Collected material:
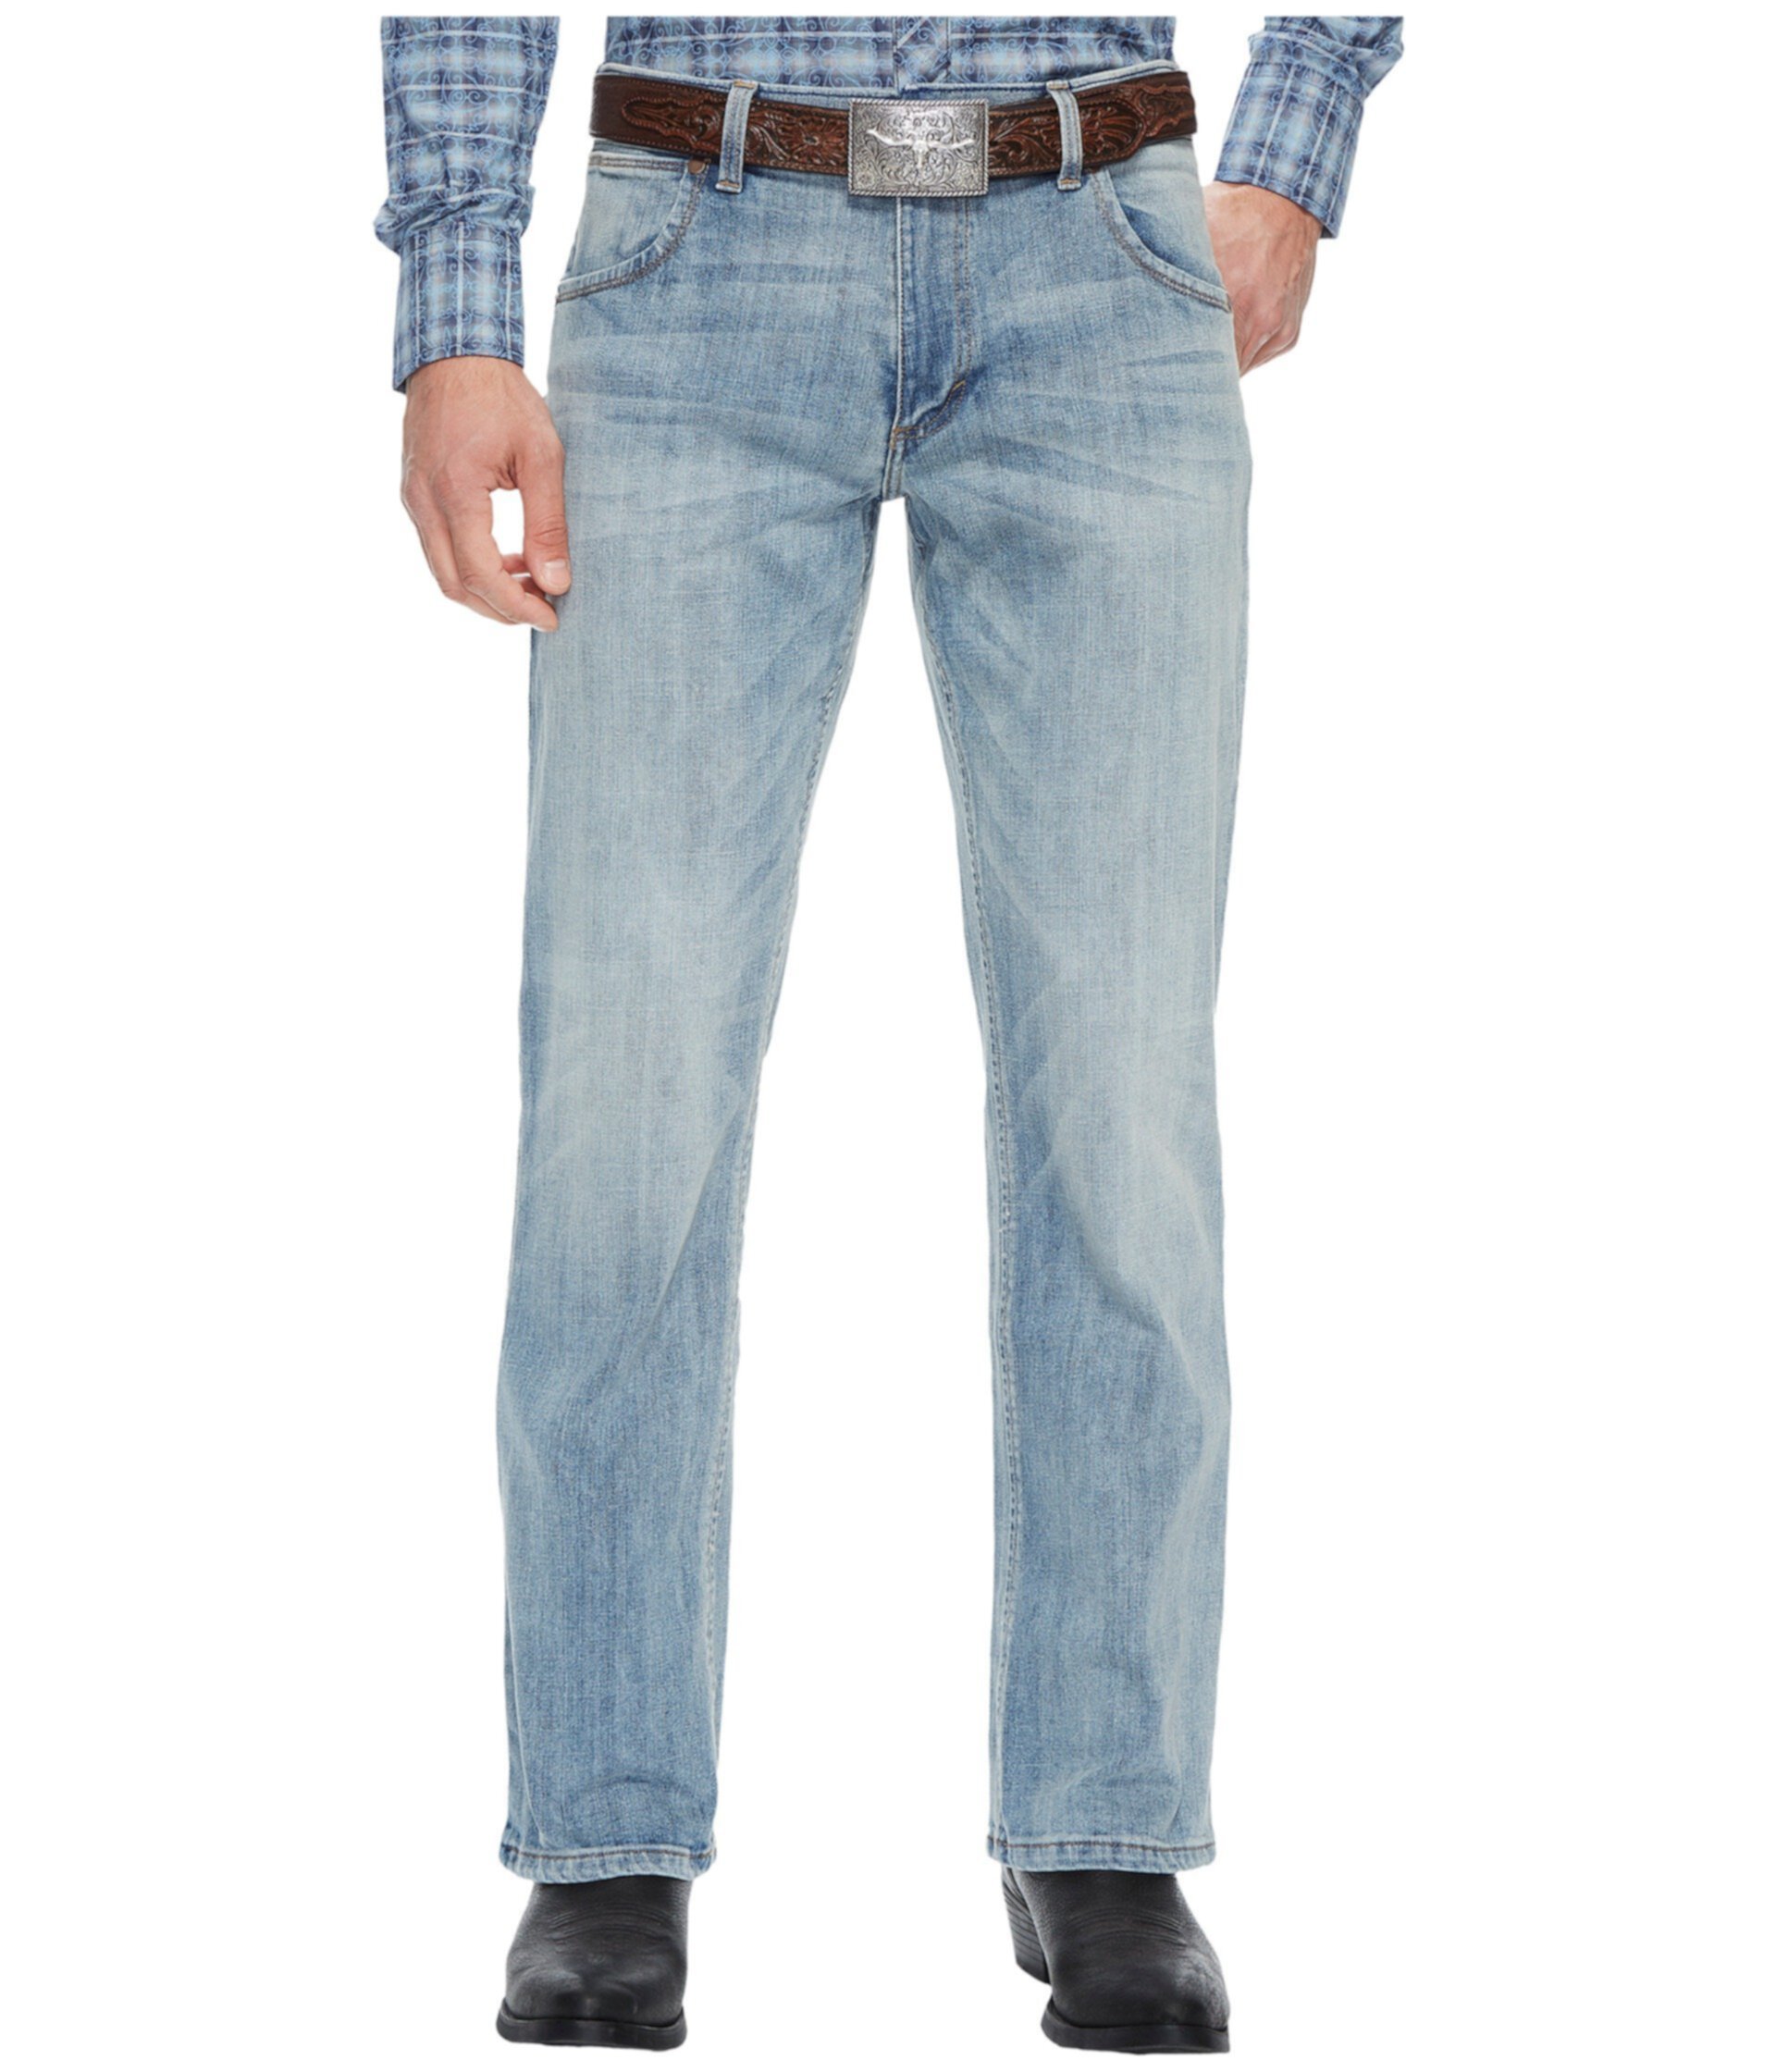 Узкие джинсы Retro Slim Boot от Wrangler для мужчин Wrangler
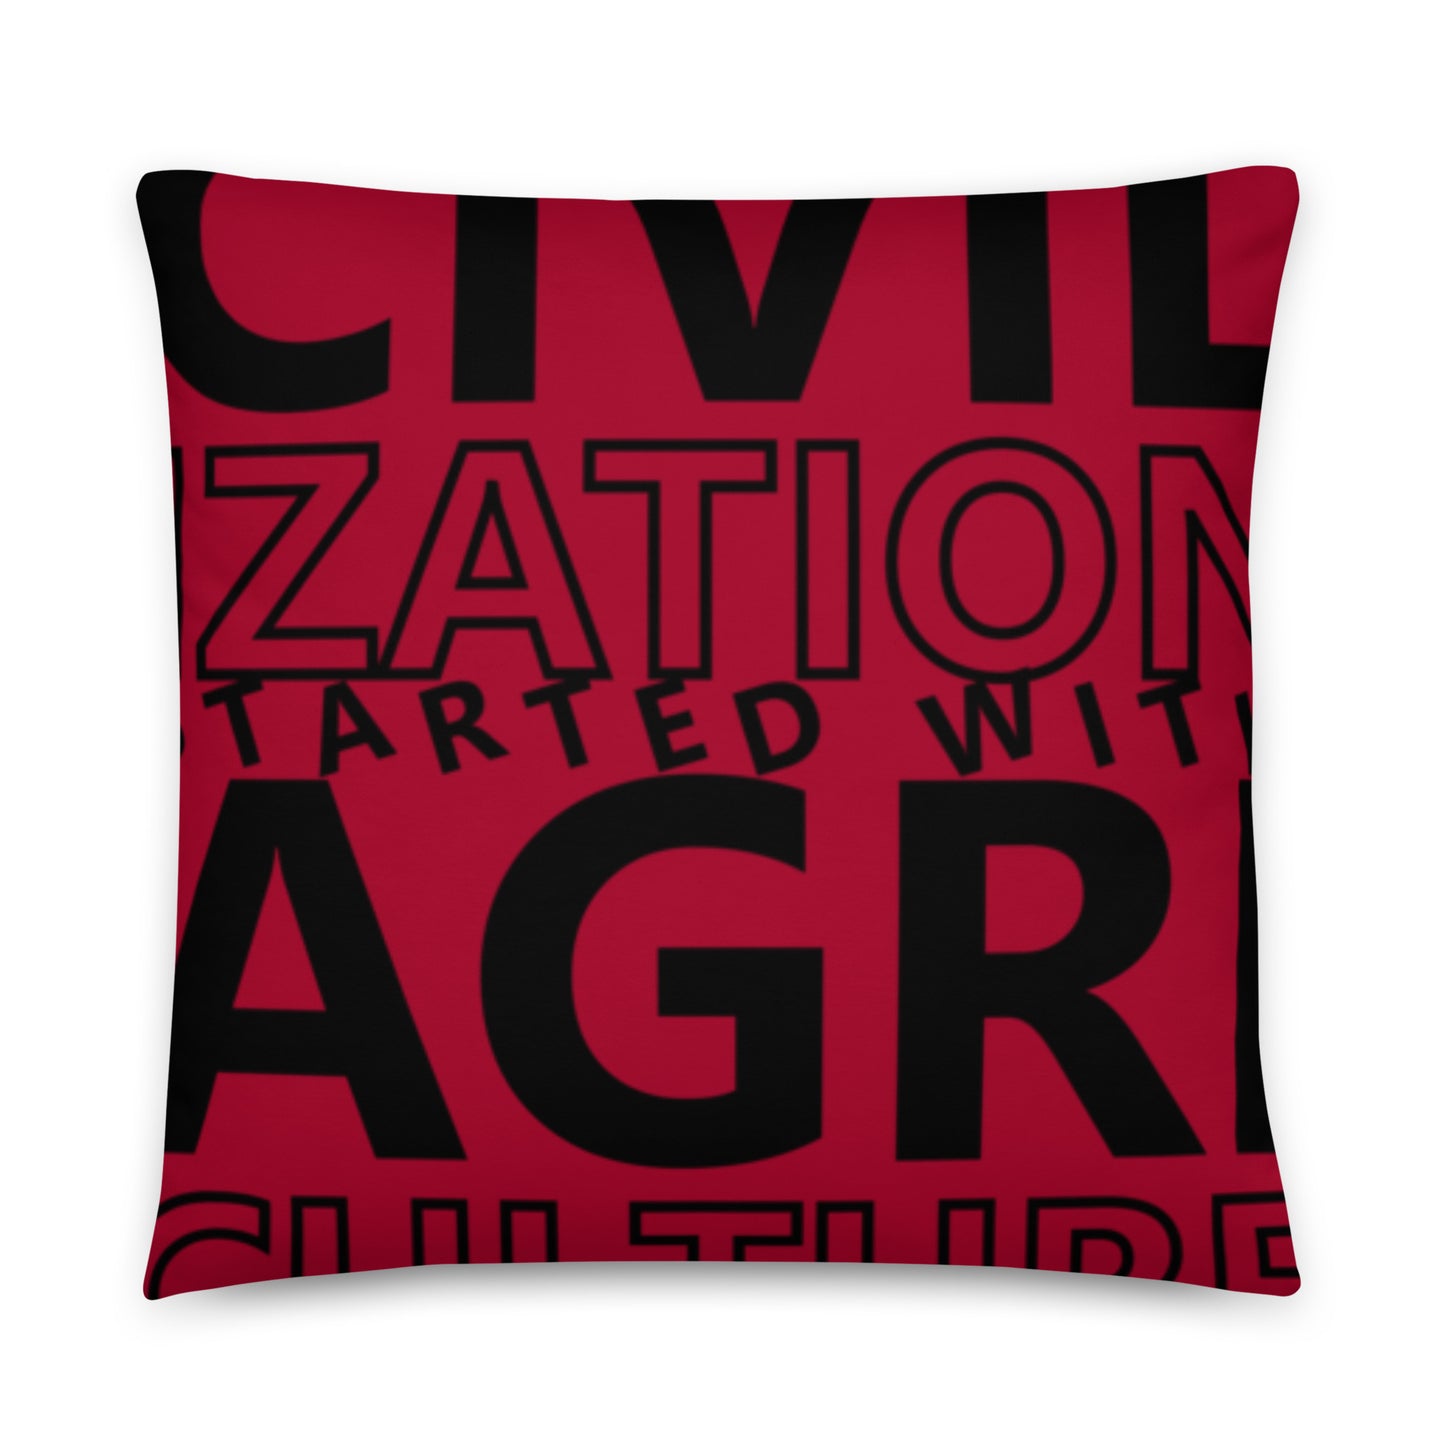 CIVILIZATION Basic Pillow
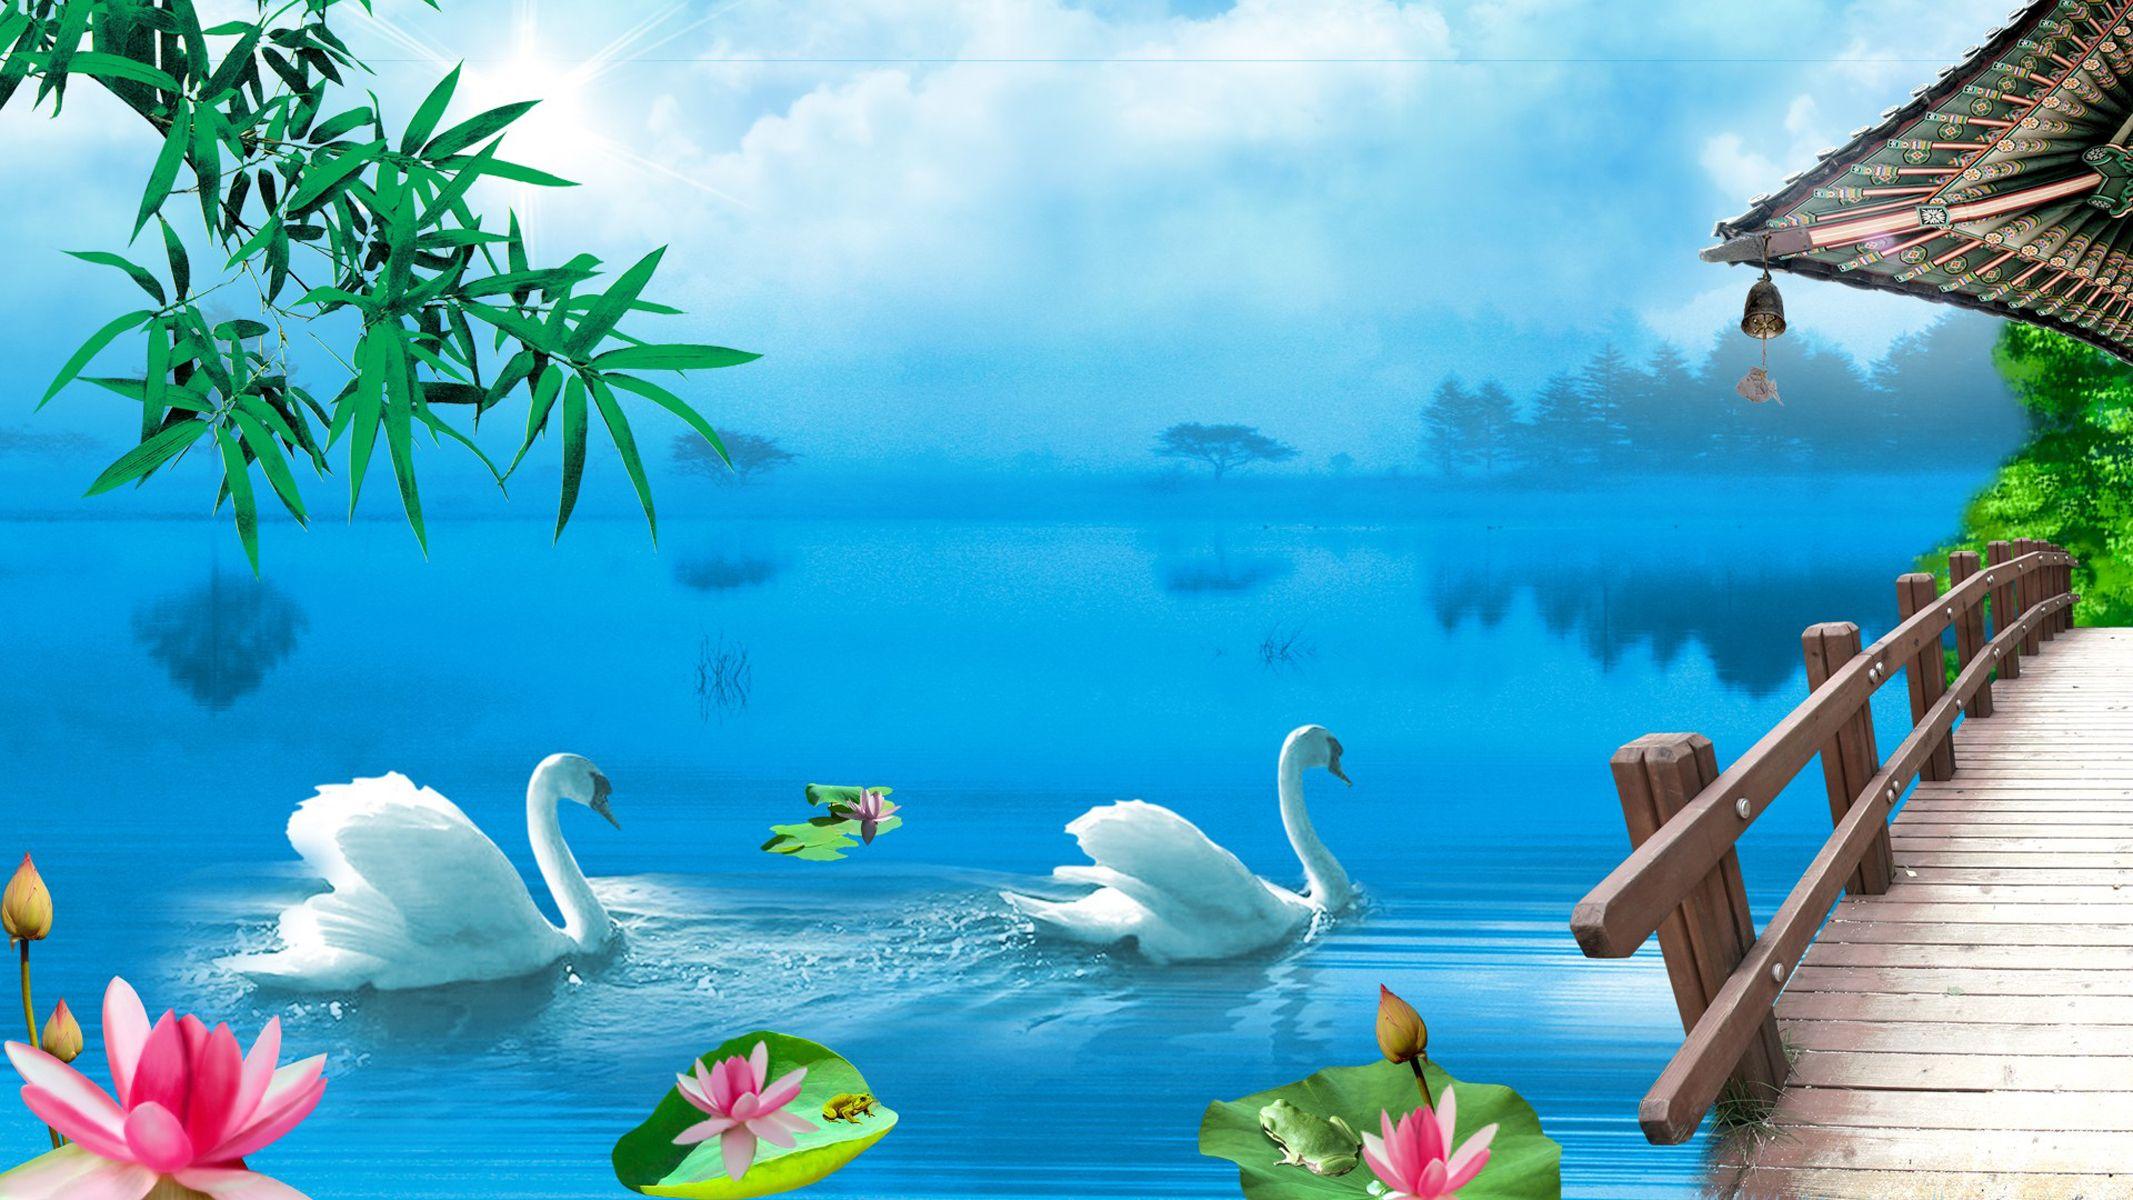 Swan Lake Wallpaper For Desktop, Wallpaper13.com

Your instructions: Would it be possible to give the material above again exactly, with the pictures left out?

Written answer:
 Узкие джинсы Retro Slim Boot от Wrangler для мужчин Wrangler
 CIVILIZATION Basic Pillow
 Swan Lake Wallpaper For Desktop, Wallpaper13.com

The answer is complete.